Yash Ghai and the Constitutional Experiment of 'One Country, Two Systems' in Hong Kong
2020
In 1997, Hong Kong was returned to Chinese sovereignty after over 150 years of British colonial rule. The Sino-British Joint Declaration – the international treaty that underpinned the handover – guaranteed that Hong Kong shall, for 50 years (until 2047), practise different economic, social and legal systems and enjoy a high degree of autonomy, an arrangement known as ‘One country, two systems’. These guarantees were elaborated in the territory’s post-handover constitutional charter, the Basic Law of the Hong Kong Special Administrative Region of the People’s Republic of China (BL). The governing framework of ‘One country, two systems’ seeks to fit a vibrant capitalist economy and a liberal common law legal system within a one-party state that practices a ‘socialist market economy’ and a legal system of Soviet lineage – a unique arrangement that saw no precedent. The key challenge facing Hong Kong’s constitutional order has been that of maintaining the distinctiveness of Hong Kong while accommodating Chinese sovereignty.
In his 16 years as Sir Y K Pao Chair of Public Law at the University of Hong Kong (1989-2005), Yash Ghai made an enormous contribution to the understanding of Hong Kong’s constitutional order. Ghai insists that only a contextual approach to the study of law would enable us to understand how the law came about, what it means, what its implications are, and how it should be applied. Situating Hong Kong’s constitutional order in the Chinese and comparative contexts, he analyses the unique nature of that order, projects what the likely risks of that order are, and the possibilities that might ensue, and offers the first, and perhaps so far only, theory of how that order should be understood and developed.
In this article, we will first discuss Ghai’s work on ‘One country, two systems’ and the Basic Law.

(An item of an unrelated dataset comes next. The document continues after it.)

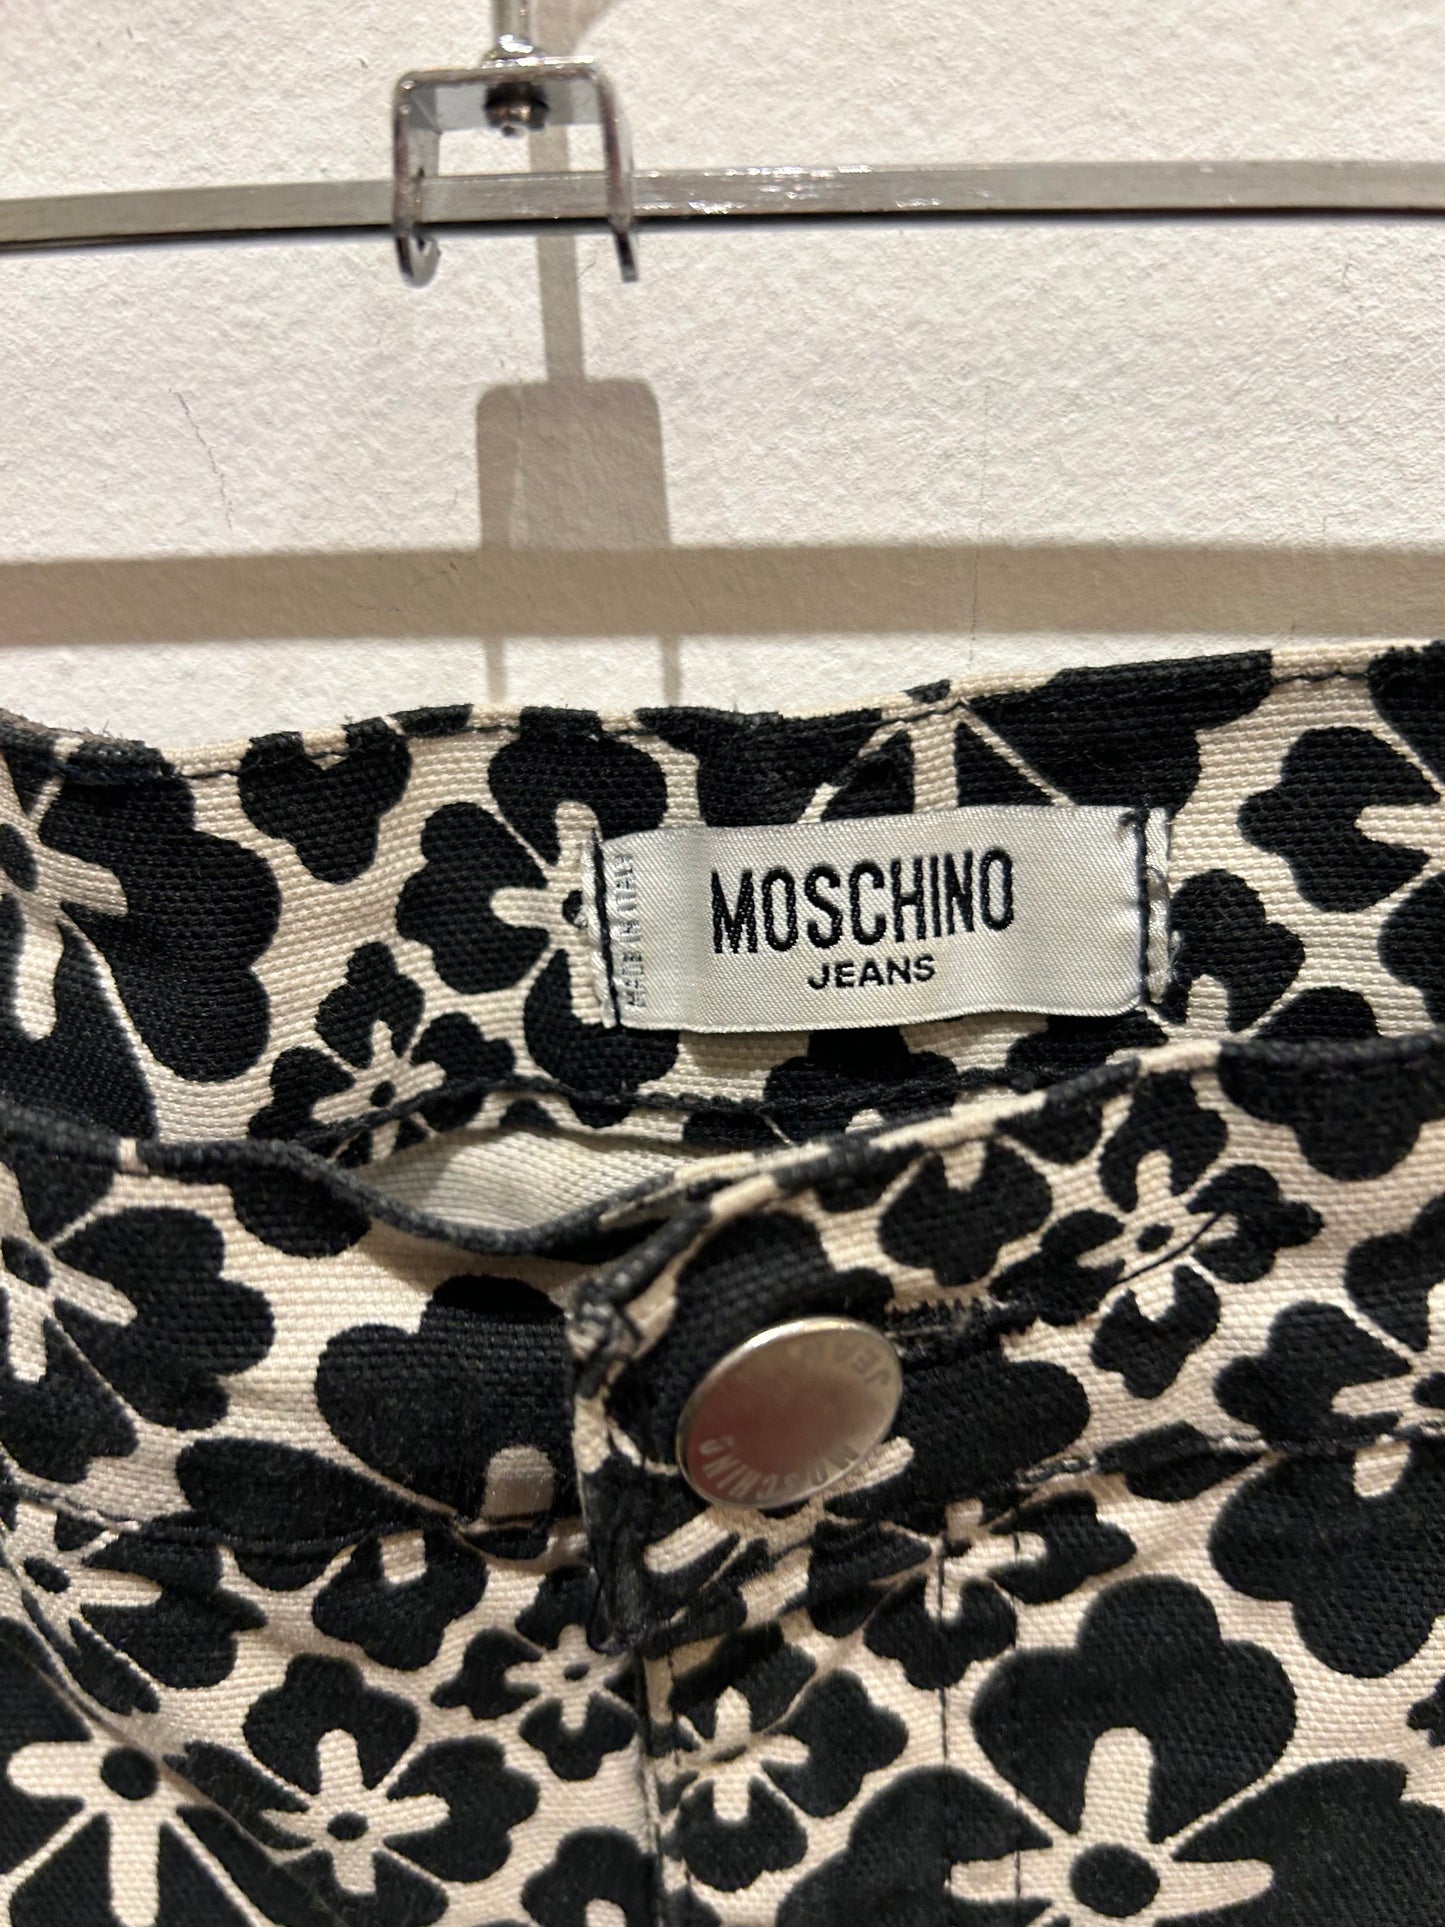 MOSCHINO jeans flower patterned pants
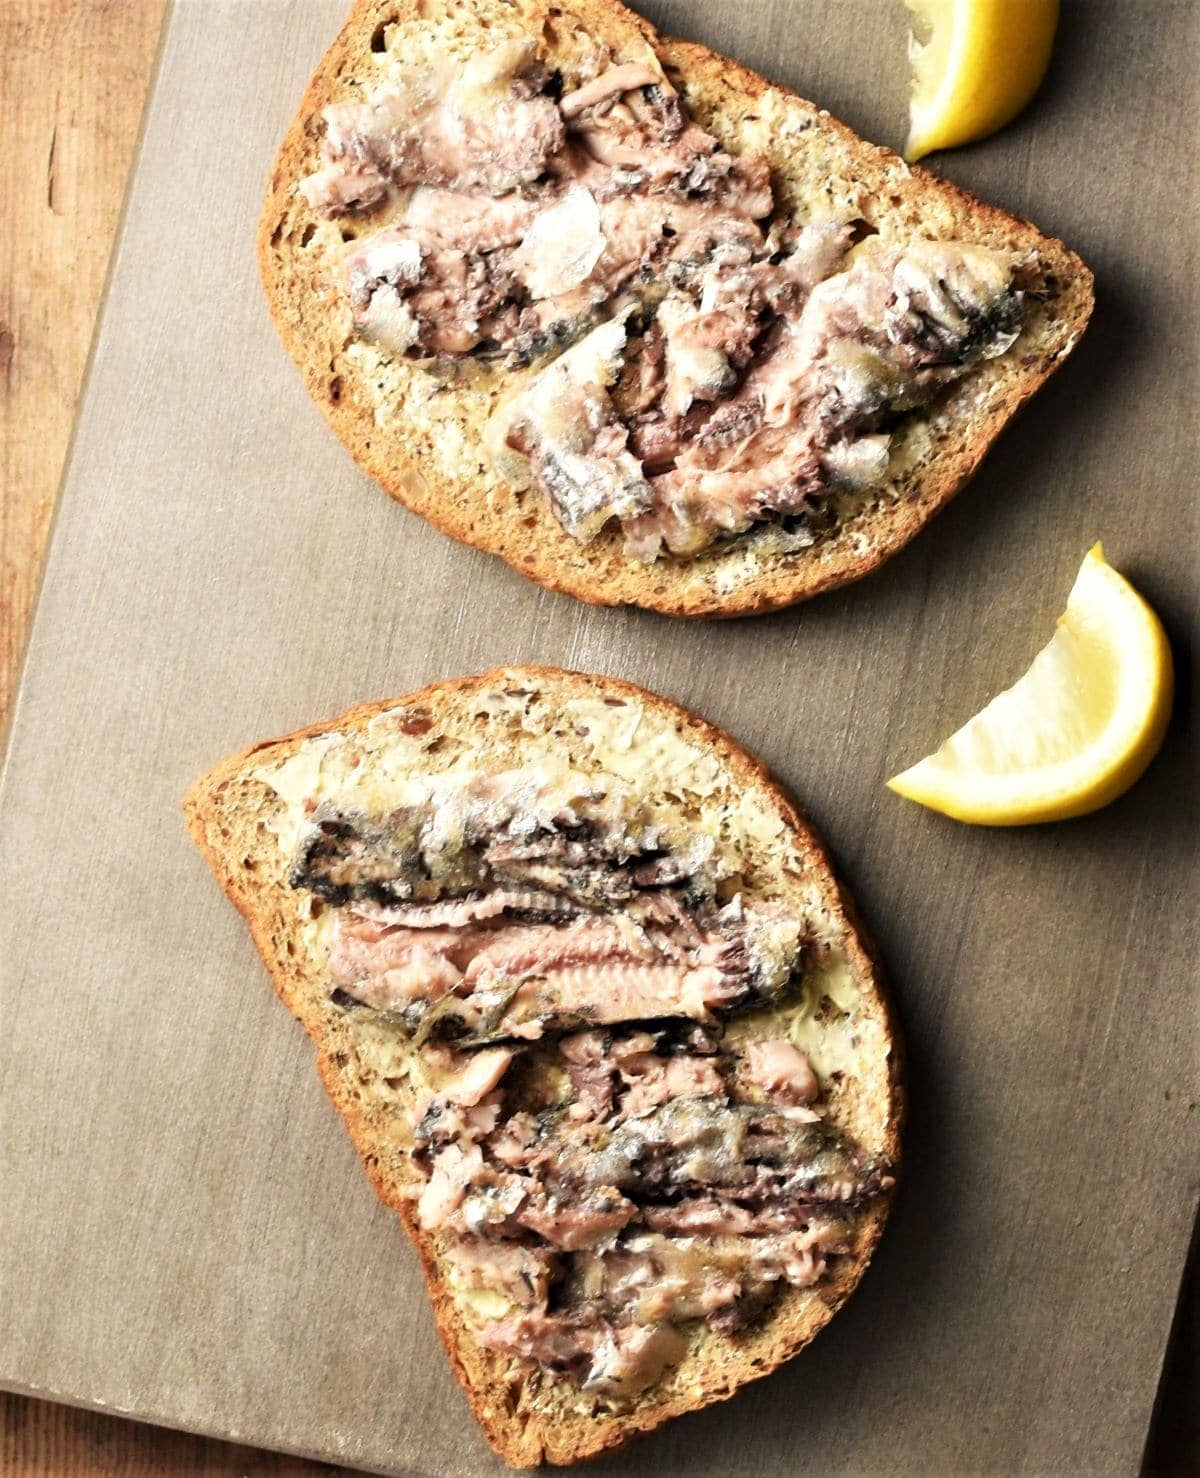 2 slices of bread with smashed sardines on top and lemon wedges in background.

Given space limitations, we will not be able to do justice to Ghai’s rich and sophisticated analyses of a wide range of issues in Hong Kong constitutional law, but we will seek to identify and describe the main themes of his scholarship on the constitutional order of the HKSAR. We will then review briefly what we consider the most significant constitutional developments in the HKSAR since the last edition of Ghai’s book on Hong Kong’s New Constitutional Order was published in 1999.